As you requested some guidance/help, I won't go into details (I may do it later if you would like to). Your idea is good, let's suppose there exists an $i$ such that $w_i' < w_i$. Let the edge corresponding to $w_i'$ be $e_i'$. By examining the addition of $e_i'$ to $T$ and the cycle it creates is not enough to get a contradiction, because it can happen that $e_i'$ has the largest weight in that cycle.
Instead, we can use the simple claim stating that every MST of a graph can be the output of Kruskal's algorithm. Now let $i$ be the smallest of such indices, i.e. it is true that $w_j \leq w_j'$ for all $j < i$ and $w_i > w_i'$. The question you should try to investigate is after putting $i-1$ edges to $T$, how can it happen that Kruskal's algorithm puts $e_i$ to $T$ (where $e_i$ is the edge corresponging to $w_i$)? Using the fact that each of $T$ and $T'$ is a tree you can have a contradiction.
Edit 1: More details
Let the subgraph of $T$ spanned by $e_1,...,e_{i-1}$ be denoted by $U$, and let the subgraph of $T'$ spanned by $e_{1}',...,e_{i}'$ be denoted by $U'$. As $T$ and $T'$ are trees, $U$ and $U'$ are forests (not necessarily connected). Let the number of components of $U$ be denoted by $c$, while the number of components of $U'$ is $c'$.

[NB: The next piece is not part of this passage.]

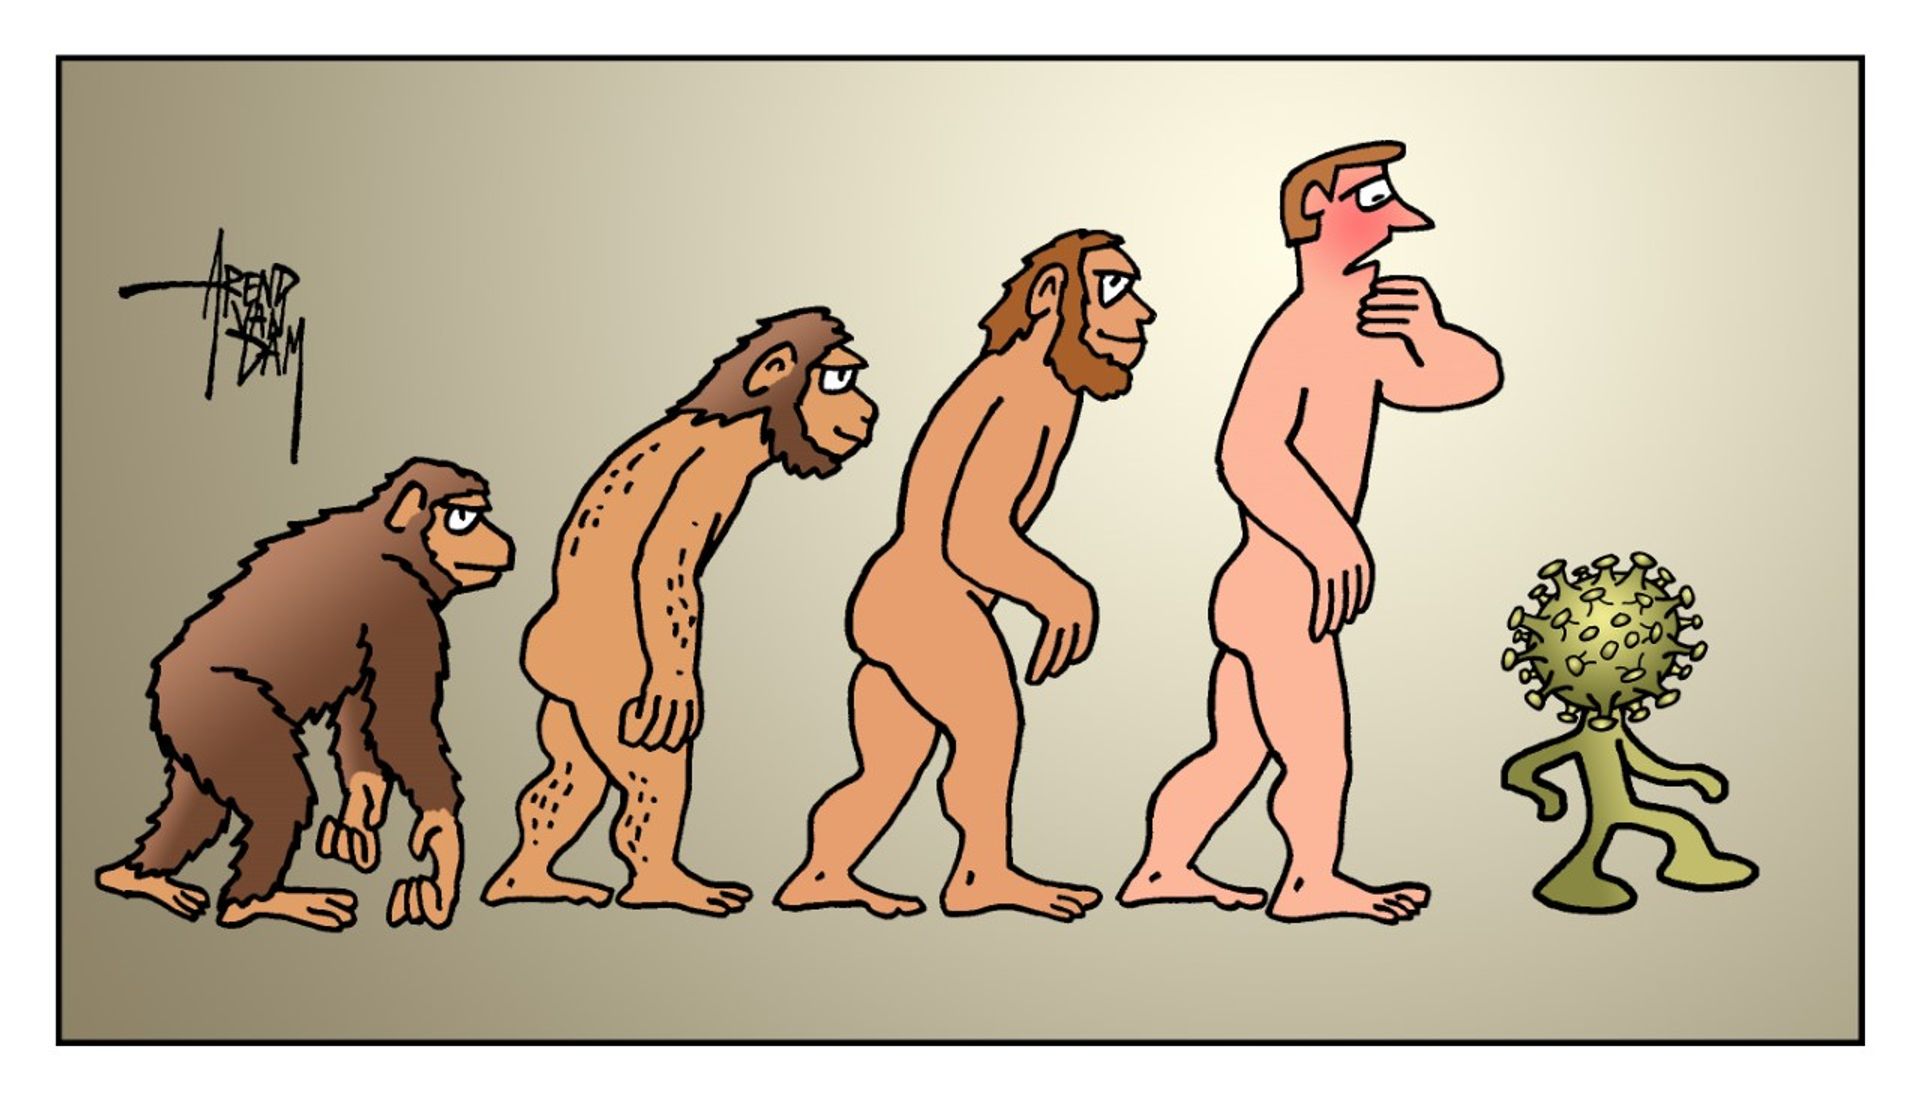 evolutie

First note that because the edges are sorted by their weights, $w_{j}' \leq w_{i}' < w_i$ for all $j \leq i$. If Kruskal's algorithm puts $e_i$ to $T$, that means that $U \cup e_{j}'$ must contain a cycle, for all $j \leq i$. This can happen only if all $e_{j}'$ edges are inside the components of $U$ (they cannot be between components because that would not create a cycle in $U$). Hence, $c' \geq c$, and the number of nodes in $U$ must equal to the number of nodes in $U'$ (denoted by $n$).
As $U$ has $i-1 = n - c$ edges, while $U'$ has $i = n - c'$ edges, this leads to $i-1 = n - c \geq n - c' = i$, and we have our contradiction (we used the fact that a forest containing $n$ nodes and $c$ components has exactly $n-c$ edges).